= What the task asks =
Print out the entries from the line containing "Semi Flush Ceiling" through the last line, exactly, and print nothing else. Pictures are not copied.

= Given data =
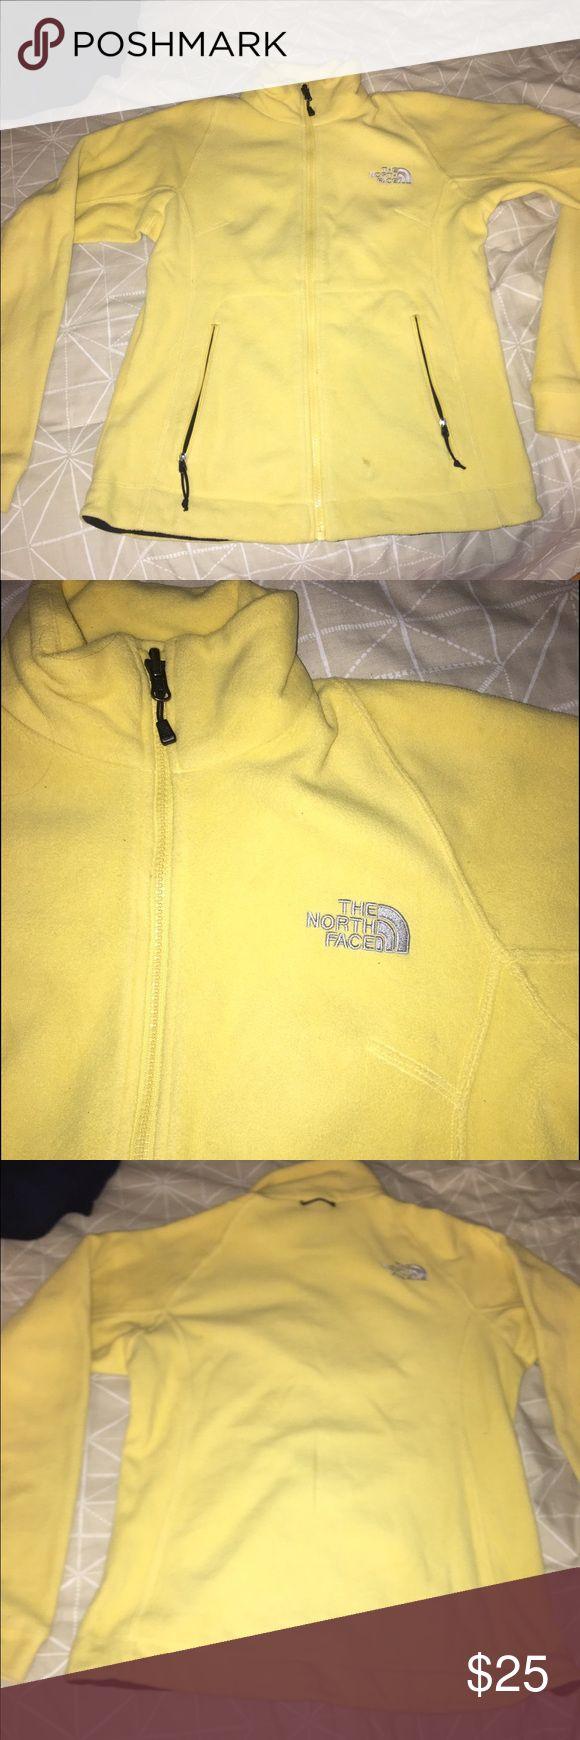 Women's Yellow North Face Fleece zip up Great condition! North Face Tops Sweatshirts & Hoodies
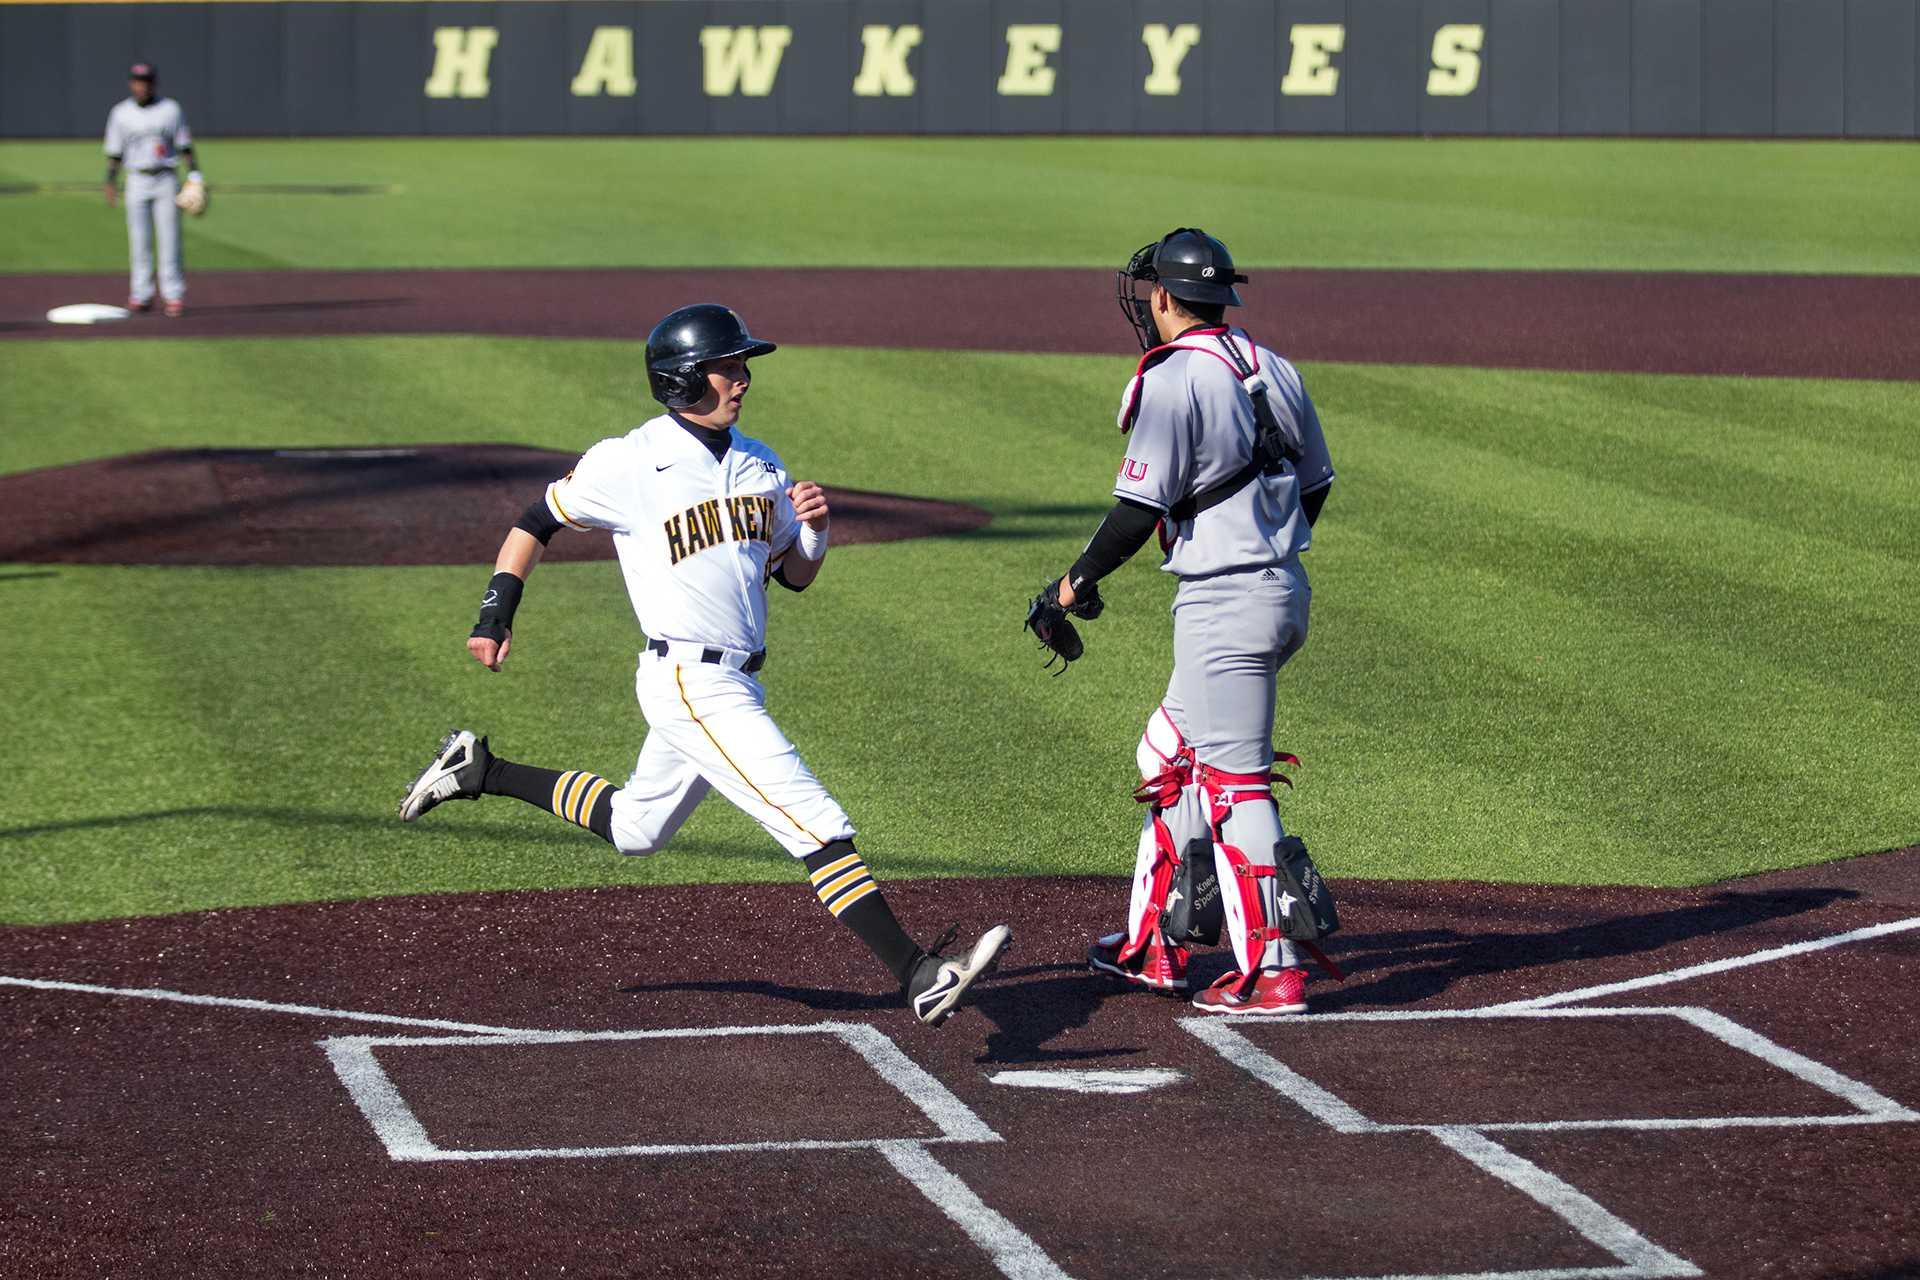 Tyler Cropley scores a run during Iowa baseball vs. Northern Illinois at Banks Field on April 17, 2018. The Hawkeyes won the game 2-0. (Megan Nagorzanski/The Daily Iowan)
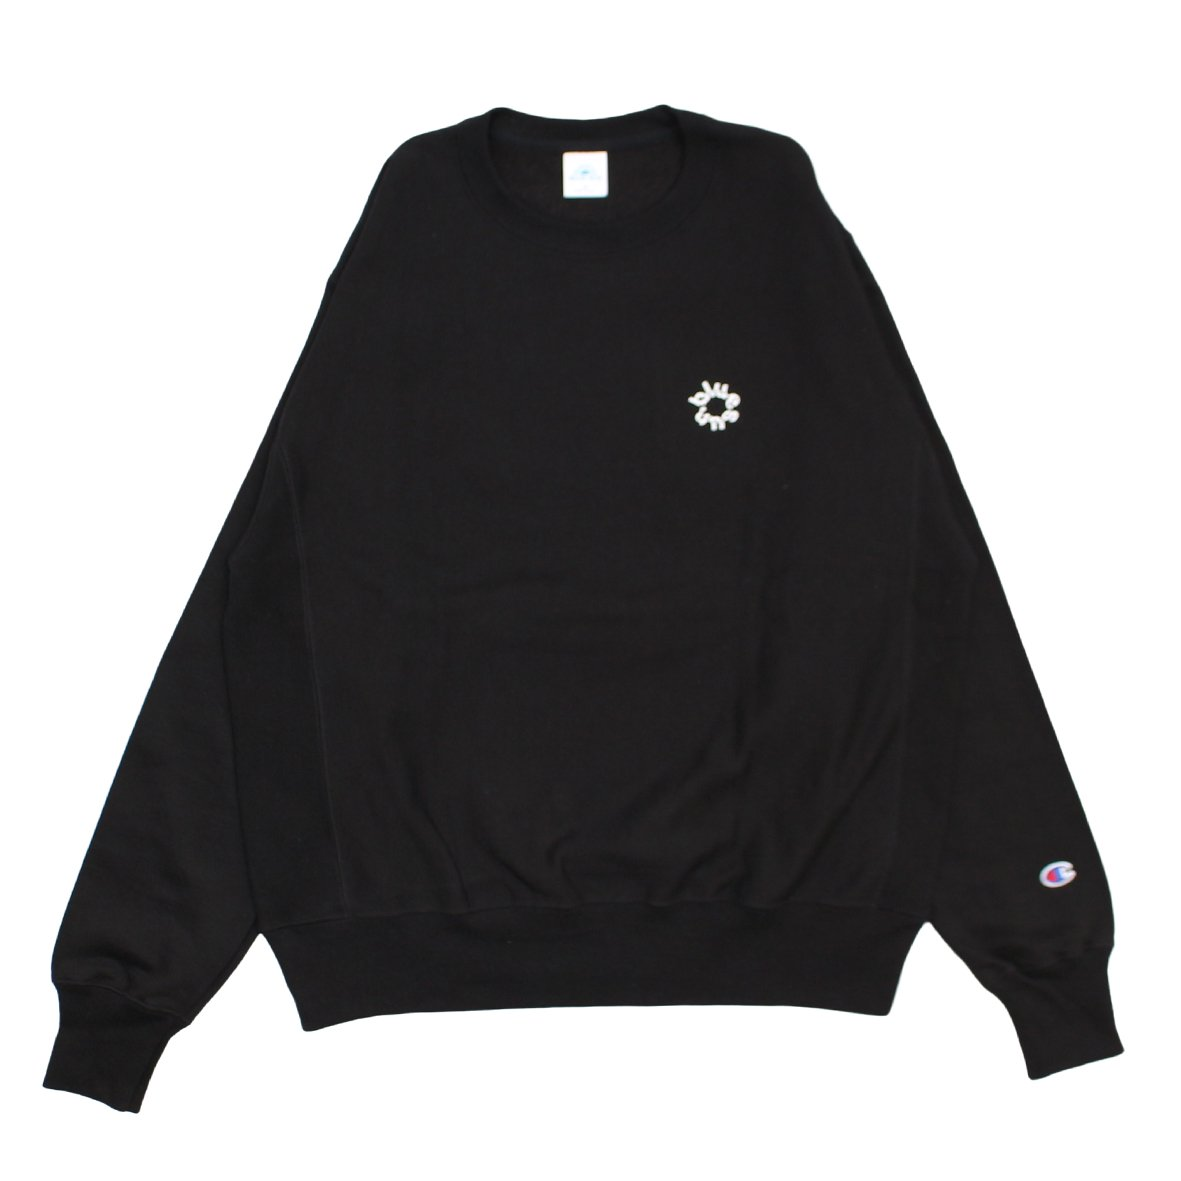 TWIST CREWNECK SWEATSHIRT 【BLACK】
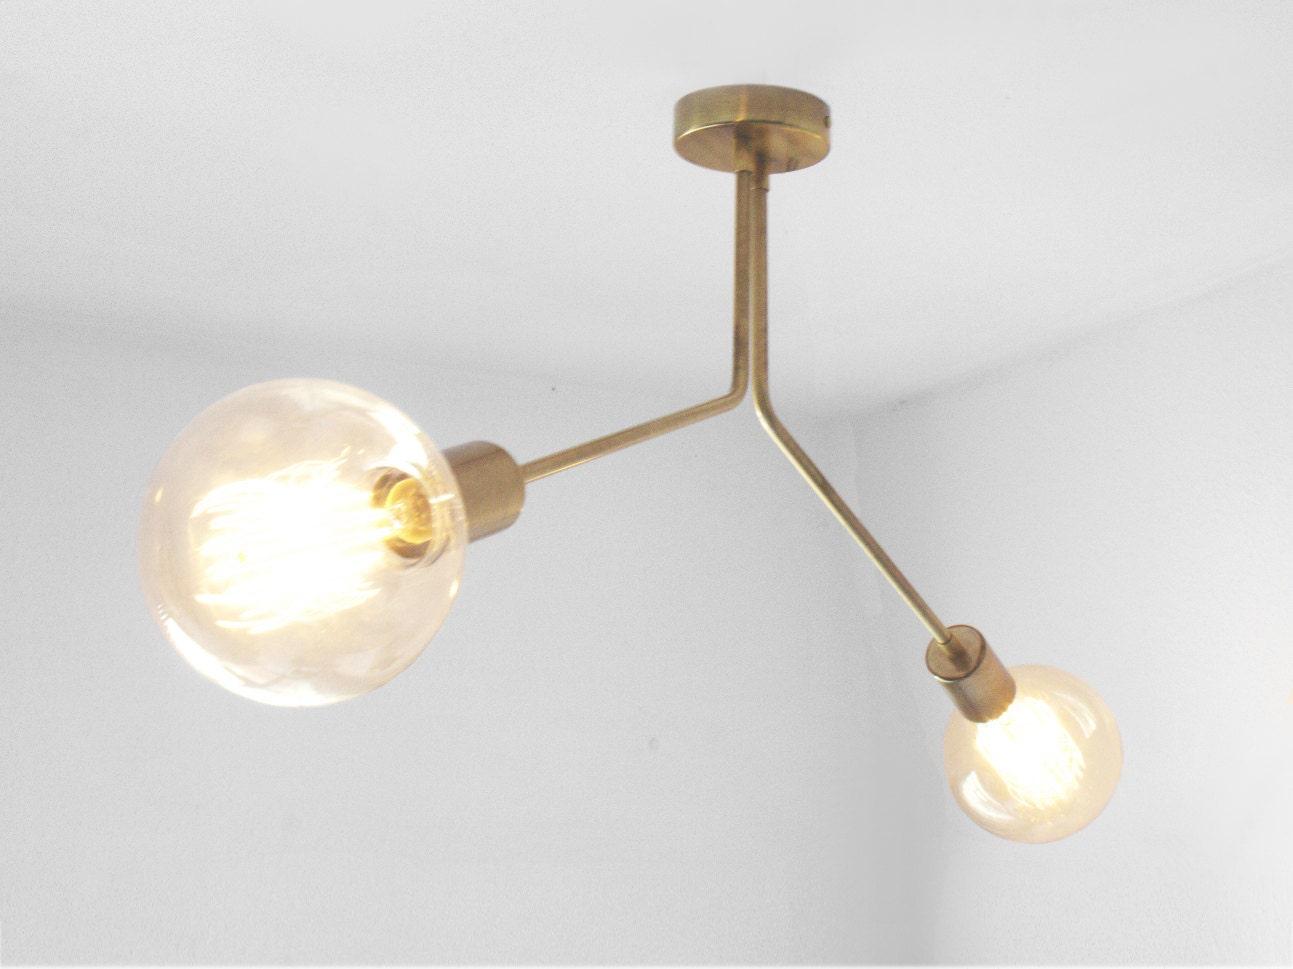 Semi Flush Ceiling Lights Glass Brass Fixture Bathroom: Brass Mid Century 2 Arm Ceiling Semi Flush Mount / Wall
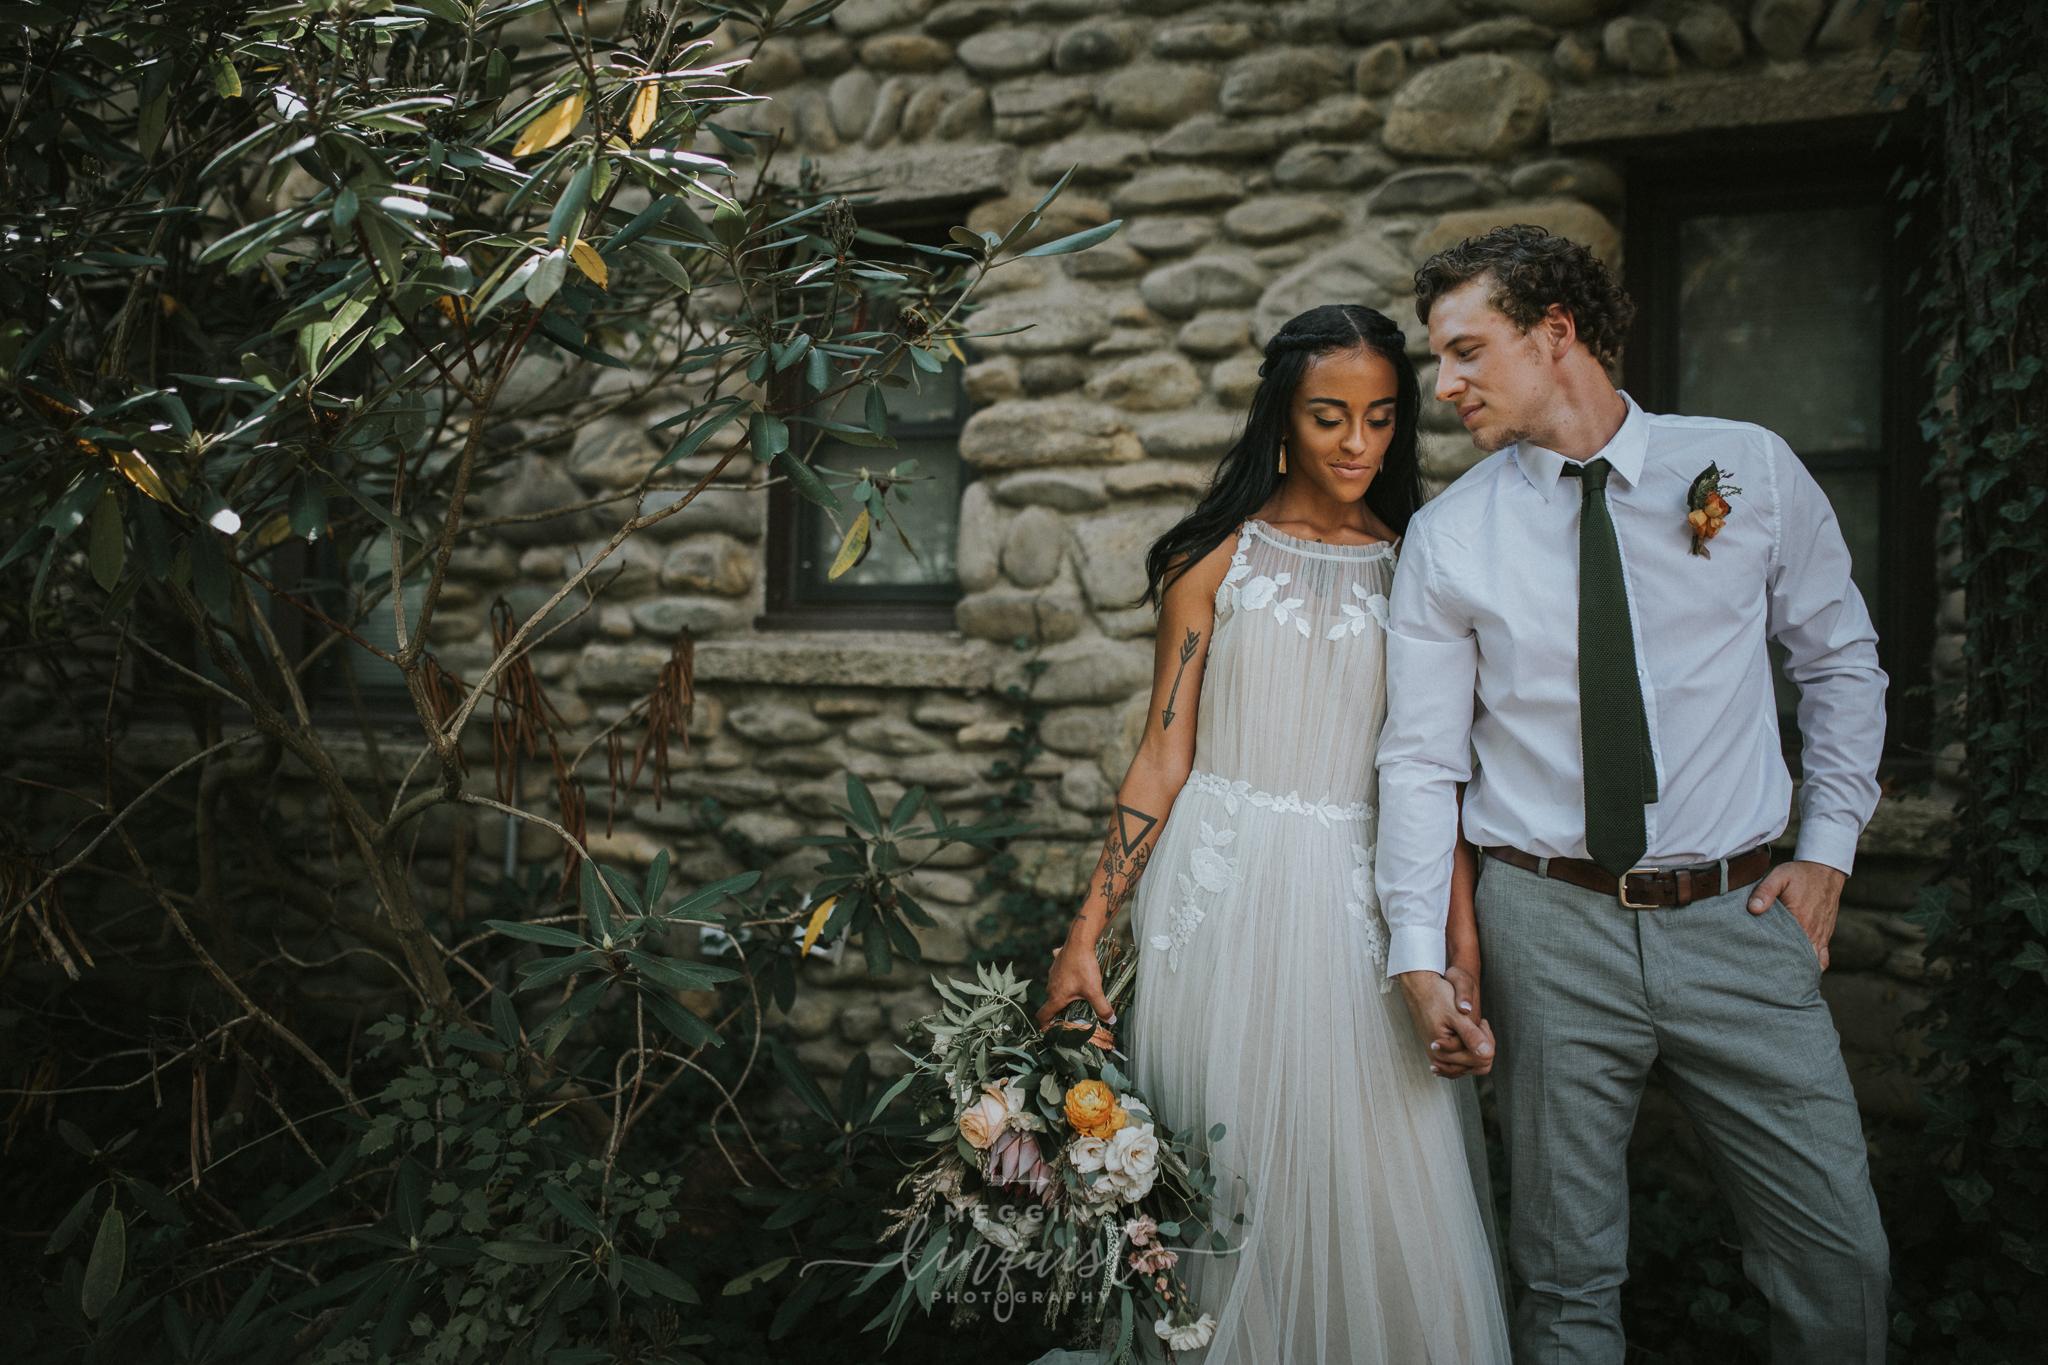 vintage-themed-wedding-reno-lake-tahoe-wedding-photographer-37.jpg

= Solution for this problem =
 Semi Flush Ceiling Lights Glass Brass Fixture Bathroom: Brass Mid Century 2 Arm Ceiling Semi Flush Mount / Wall
 vintage-themed-wedding-reno-lake-tahoe-wedding-photographer-37.jpg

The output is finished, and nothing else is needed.